When we have promoted self-confidence in our children, they will be willing to take risks instead of being afraid of them. This will generate an internal confidence. Taking risks does not mean a life-or-death decision. It means to follow your internal instincts without jumping on somebody else’s bandwagon. The opposite of courage is not being afraid, it is resignation. We should not be limited to do what everybody else does, which means:

• Learn to avoid the easiest way. Reality generally is resistant to change. Developing our projects will mean to be in constant fight and will require perseverance until reaching the end.

• Do things that might look difficult, without being afraid of what other people might think. People around will normally ask us why we do this and complicate our lives in the process.

• Defend the ideas we believe in, instead of being afraid of others laughing about them, intimidating us. Andrew Jackson said: “You just need one courageous man to be a majority”.

• Try to avoid being tagged and tagging our own children. We can not assume someone is a certain way. Kierkegaard said: “Once you have tagged me, you have negated me.” We need to motivate each kid first to be a person, a leader and not a follower. We should teach them by example, making them learn that we cannot be slaves to external things such as fashion. We should help them in terms of being confident, so they do not pay attention to ephemeral tendencies. Talking about clothing for example, we should teach them to choose according to their true desire and needs, not according to somebody else’s taste.

• Make kids understand they should have a wide open mind in which a lot of perspectives can be listened to, and that it is worth giving analysis and thought to them. When children have an argument between themselves, they should learn that every situation has many faces.

• Have a positive reinforcement for the goals and dreams our children could have, without letting them know how improbable they could be for us.

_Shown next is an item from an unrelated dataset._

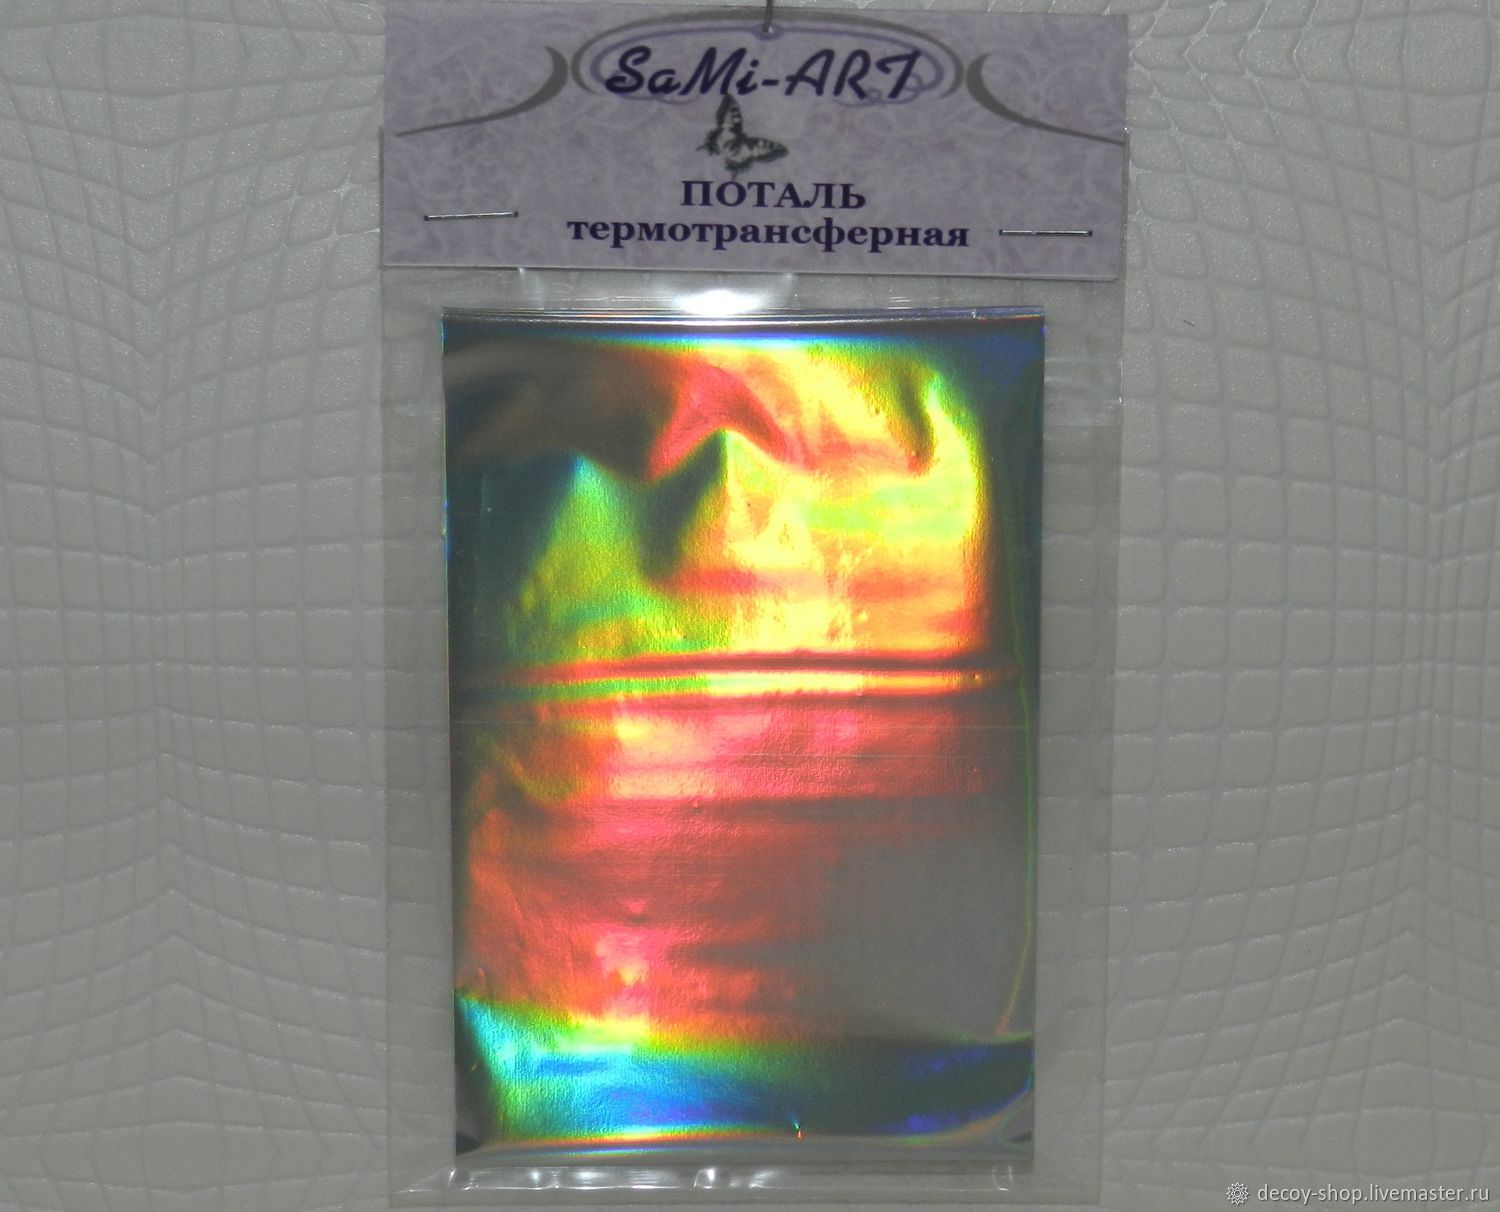 Petal thermal transfer `Silver holographic`, 1 m x 8cm. 60 RUB

The child who wants to be a doctor, but does not get very high grades, does not need a speech telling him he should be getting better grades. Instead, encouragement phrases should be used, such as: “Make a harder effort. It is never too late for something like that. I am sure you could achieve anything you truly desire…”

• Do not discourage them for shooting high when it comes to their goals. Our task is not to cut anybody’s wings, but to teach them to fly. Learning to fly is tough for any bird, because it means leaving the nest. But imagine if it would not have difficulties to overcome? Children need to realize that the word “impossible” should not be in their vocabulary and that we will support them to pursue their dreams regardless of how tough they could be.

• Motivate children of all ages to also try things that are difficult to achieve. We should praise them for having the courage and enthusiasm to try difficult things, regardless of whether they achieve them or not. We should also let them know we are willing to try difficult things, and that we are not afraid of facing tough situations.

• Know that the parents’ responsibility should be to teach their children to be their own parents. Support them so they can be independent, knowing enough to think and make decisions by themselves.

• Teach them not to make an idol out of money. Promote internal values instead of reminding him how much the thing you bought him cost. People who are used to thinking about money and who value life only in economic terms hardly think about anything else. We all make mistakes. The difference is somebody who learns from them can be humble and not commit the same mistakes in the future, while others only feel pessimist about what happened. Once again, success relies on the capacity of overcoming failure. The biggest failure generally comes from not doing something because of a fear of failure.

• Acknowledge our mistakes. It is not easy to learn how to fail. What I mean is not to the fact of failing, that is easy, but to fail and to rise up immediately. It is important to acknowledge a mistake without feeling totally embarrassed by it. We need to learn that failing is not a tragedy, because human quality relies not on failing but in knowing how to overcome our mistakes.